Our technique resulted in improved visual acuity in all cases, with a median gain of four Snellen lines. It also produced stable anatomical and functional improvement during a follow-up period of more than 5 years, without reoperation being required. Such results were not previously obtained by our group with complete PPV, photocoagulation, and gas tamponade alone. Furthermore, reabsorption of intra- and subretinal fluid occurred progressively and was completed within a median time of 4.5 months, which is in contrast to reabsorption times of approximately 1 year reported for other techniques, albeit with good results, such as macular vitrectomy or scleral buckling.33,35 This supports the hypothesis of a rhegmatogenous etiology for ODP-related macular detachment, and the use of APC together with the release of posterior pole traction allowed us to achieve excellent results.

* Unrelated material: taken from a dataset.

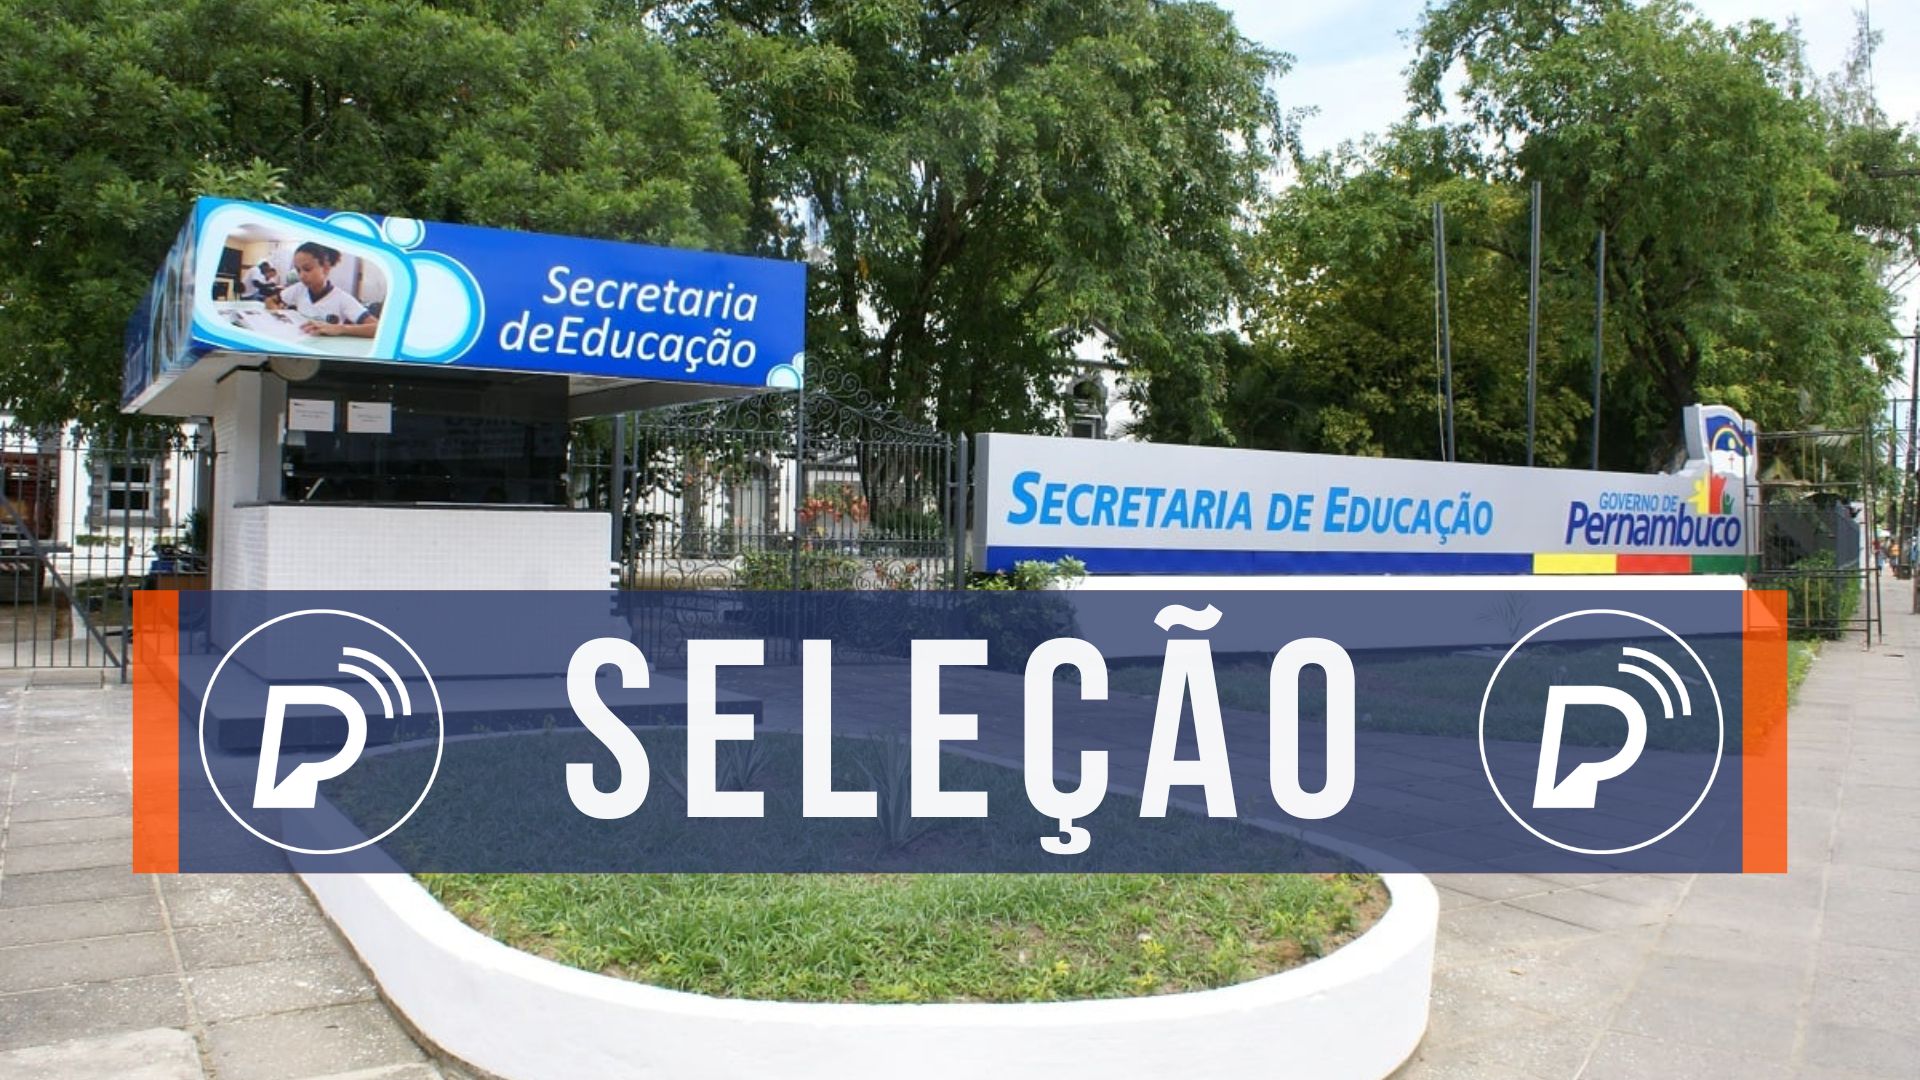 Secretaria de Educação de Pernambuco abre SELEÇÃO SIMPLIFICADA com 120 VAGAS; veja como se inscrever.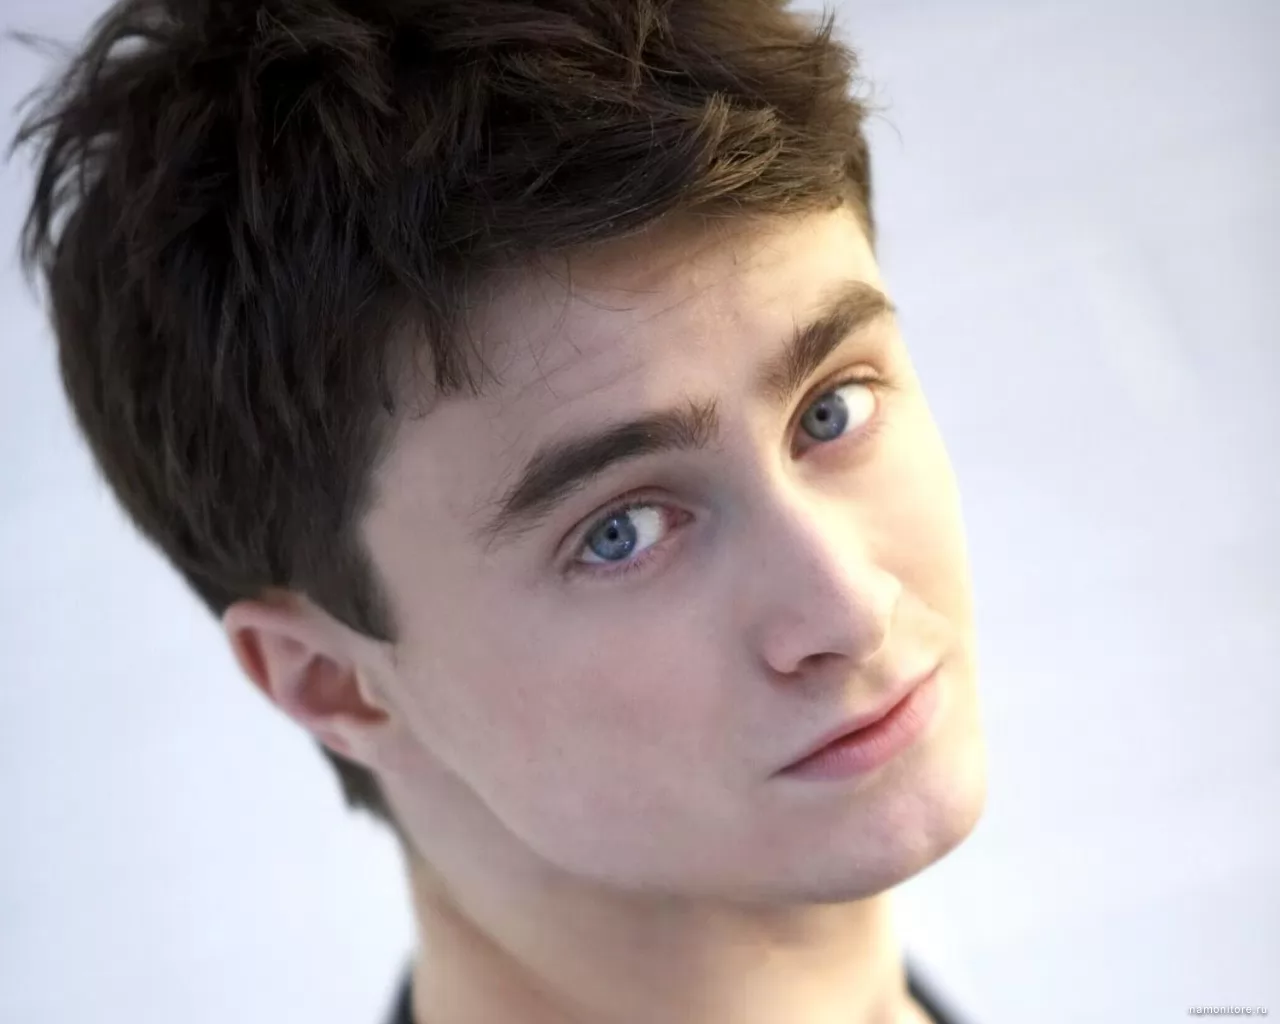 Daniel Radcliffe, знаменитости, мужчины, портрет, серое х

In conclusion, our technique with APC to treat ODP-related macular detachment proved highly successful in terms of progressive and stable anatomical and functional improvement. As a promising alternative approach to conventional surgery, it appears to address the etiology of the problem. However, the limited sample size means that this technique requires prospective multicenter studies to confirm its effectiveness.
The study was performed at Centro de Oftalmología Barraquer, Barcelona, Spain and Vissum Madrid, Madrid, Spain.
All the authors have read and approved the final manuscript submitted.
The authors report no conflicts of interest in this work.